## About this exercise:
Output the listing below verbatim, without images.

++++ Supplied information ++++

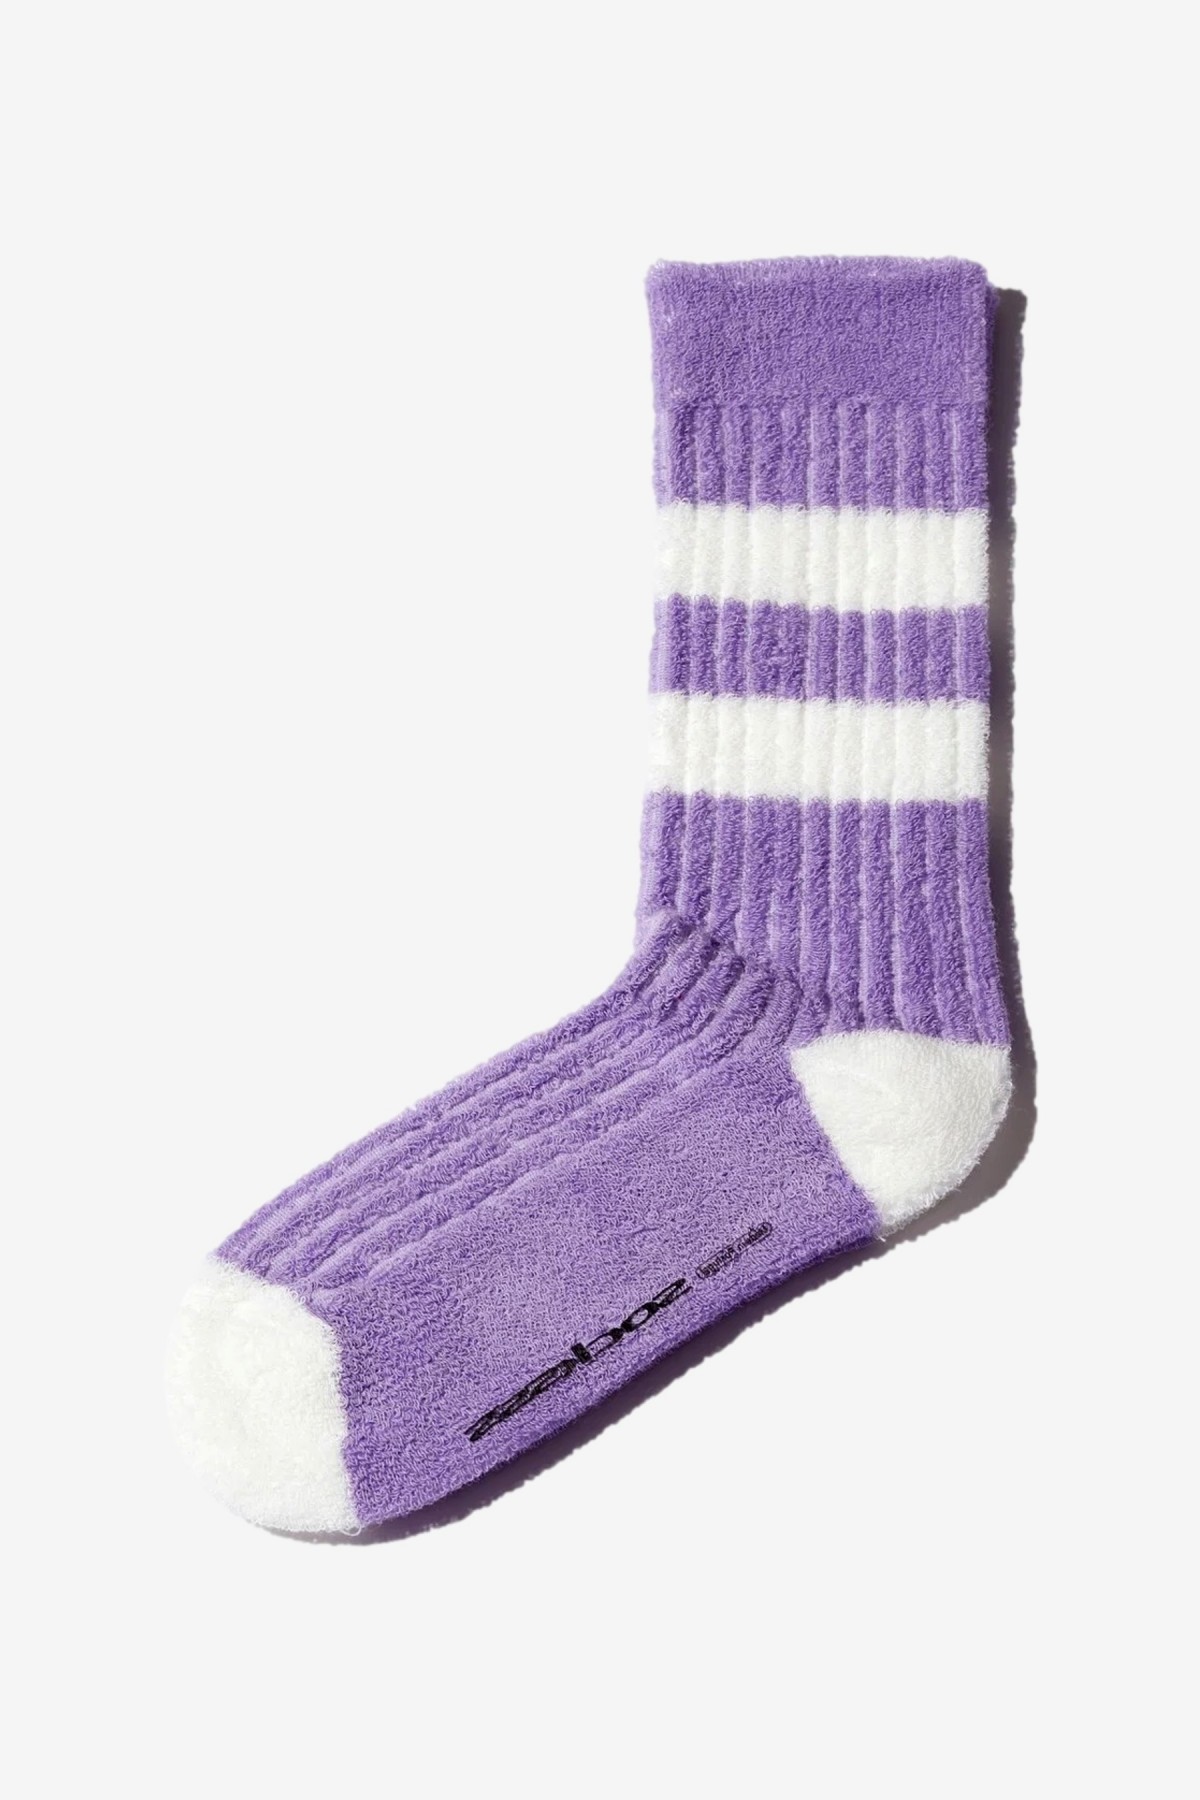 SOCKSSS Socksss in Towelie
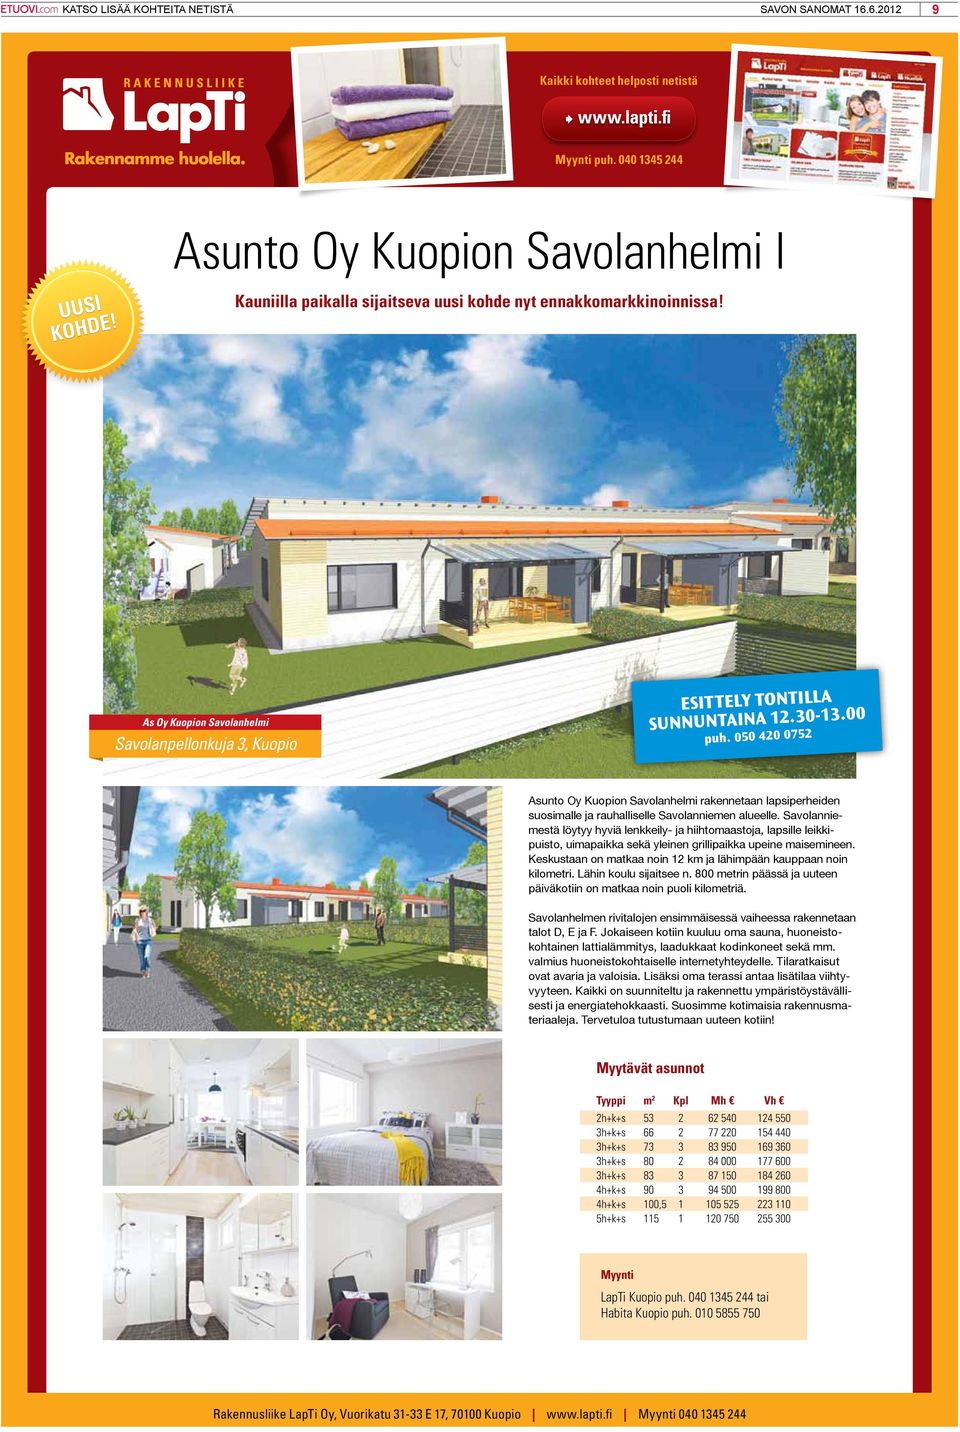 050 420 0752 Asunto Oy Kuopion Savolanhelmi rakennetaan lapsiperheiden suosimalle ja rauhalliselle Savolanniemen alueelle.
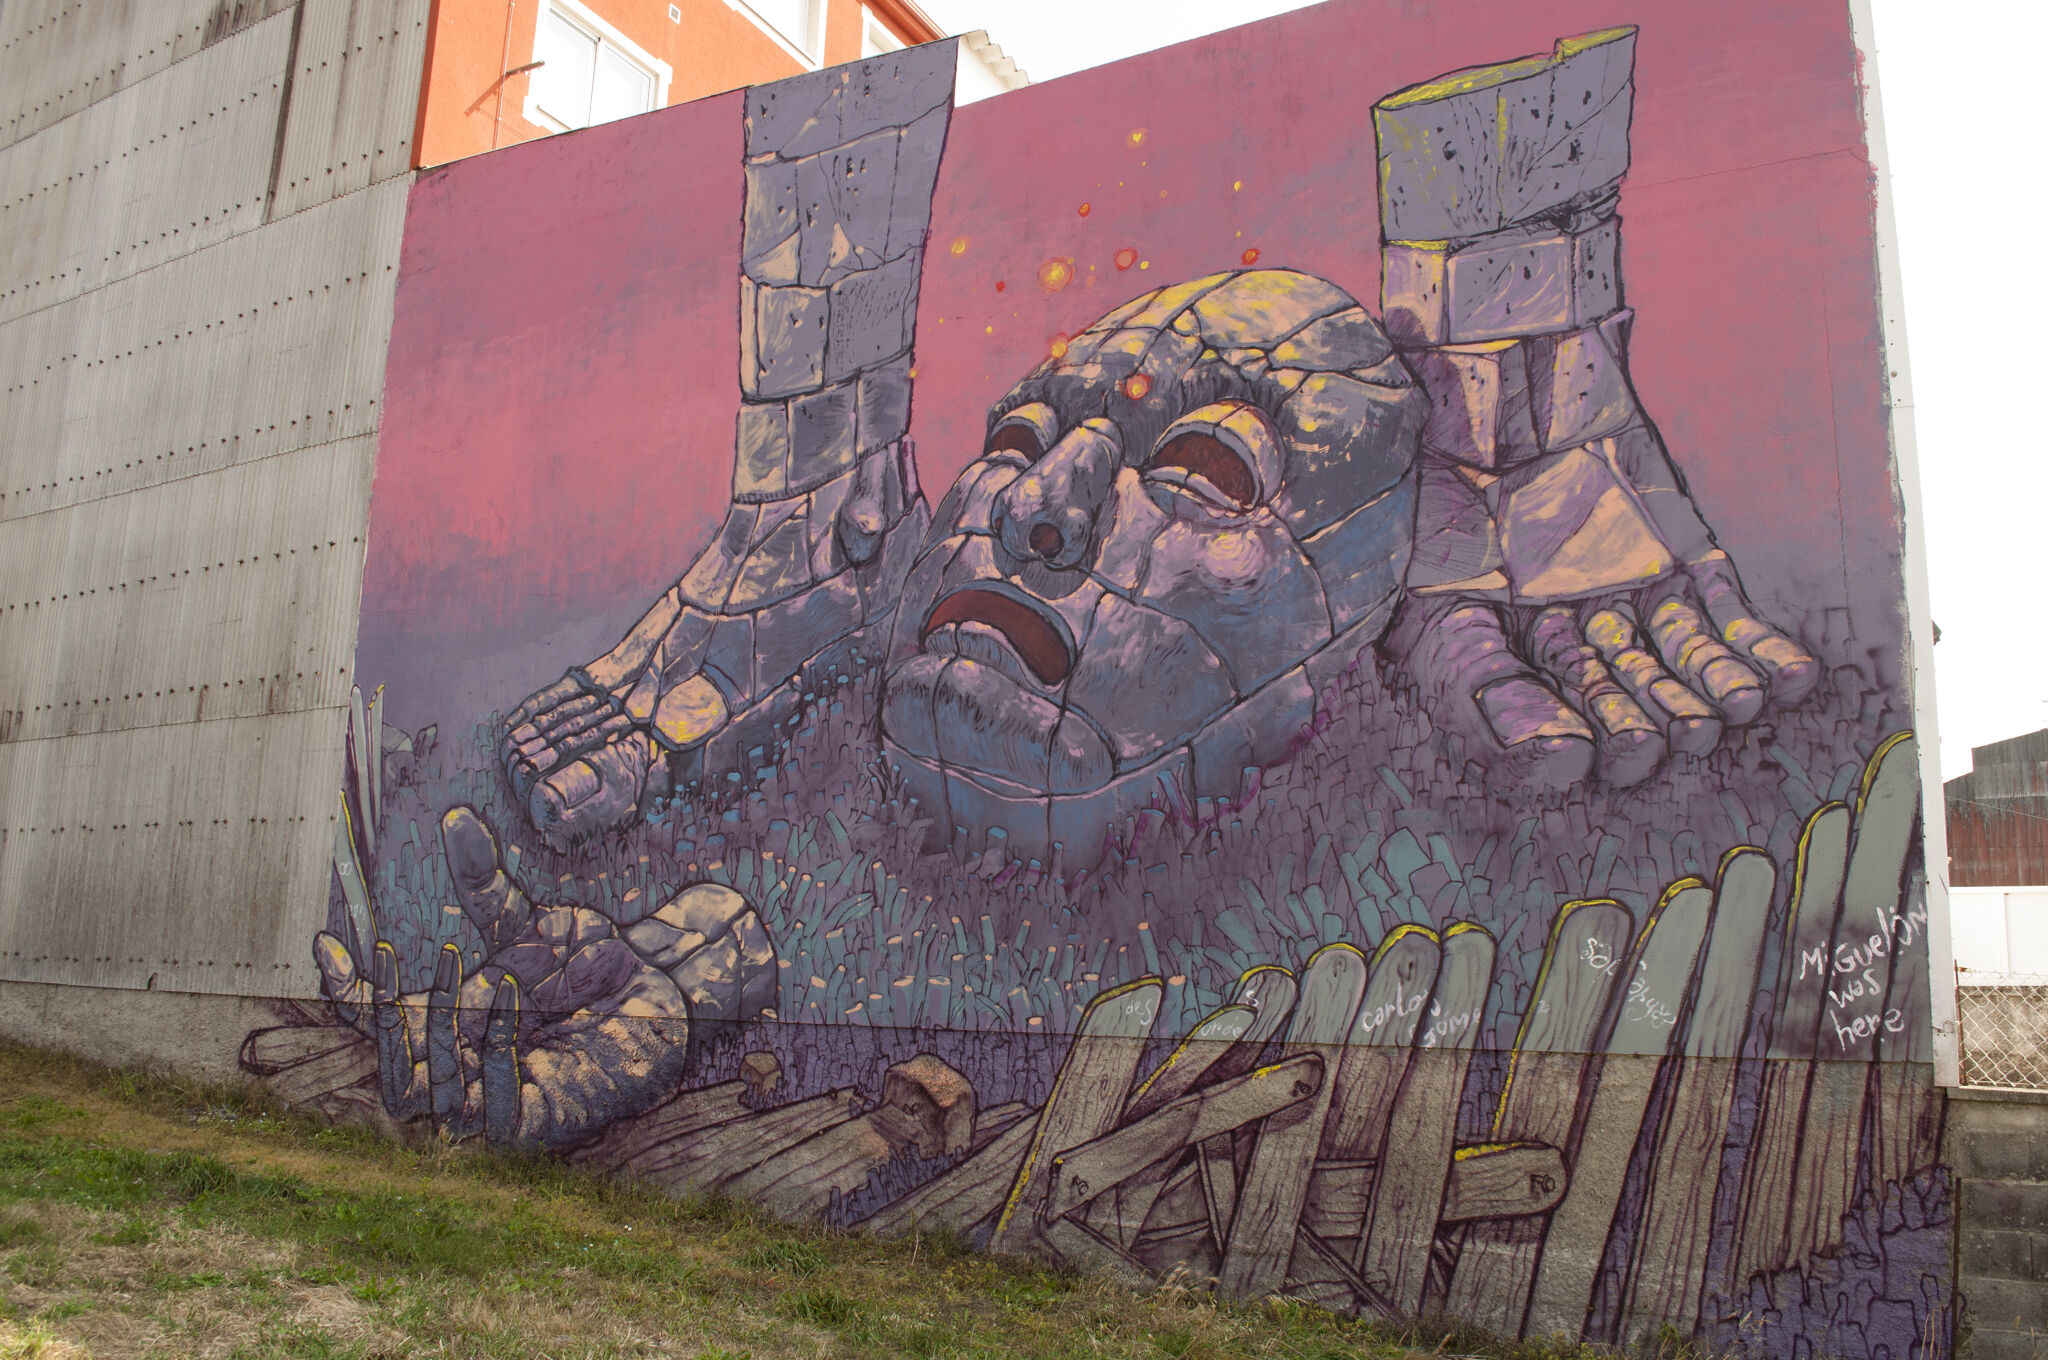 Carlos Goma&mdash;Wall by CARLOS GOMA for DESORDES CREATIVAS 2017  in Ordes (Galicia, Spain)
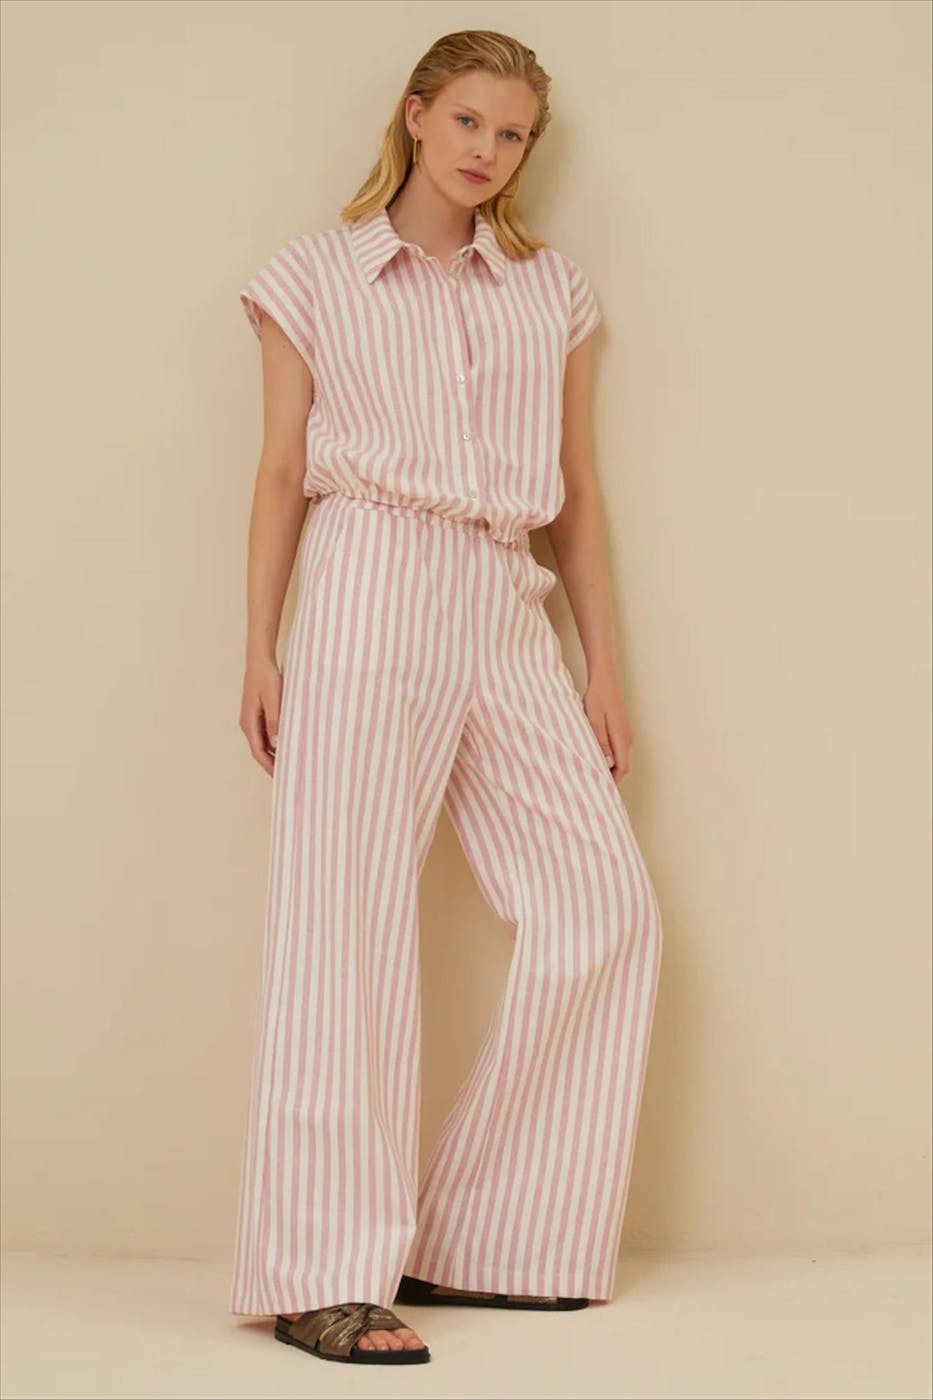 BY BAR - Ecru-Roze Bieke Stripe blouse

++++

## Response area:
 SOCKSSS Socksss in Towelie
 050 420 0752 Asunto Oy Kuopion Savolanhelmi rakennetaan lapsiperheiden suosimalle ja rauhalliselle Savolanniemen alueelle.
 Carlos Goma&mdash;Wall by CARLOS GOMA for DESORDES CREATIVAS 2017  in Ordes (Galicia, Spain)
 BY BAR - Ecru-Roze Bieke Stripe blouse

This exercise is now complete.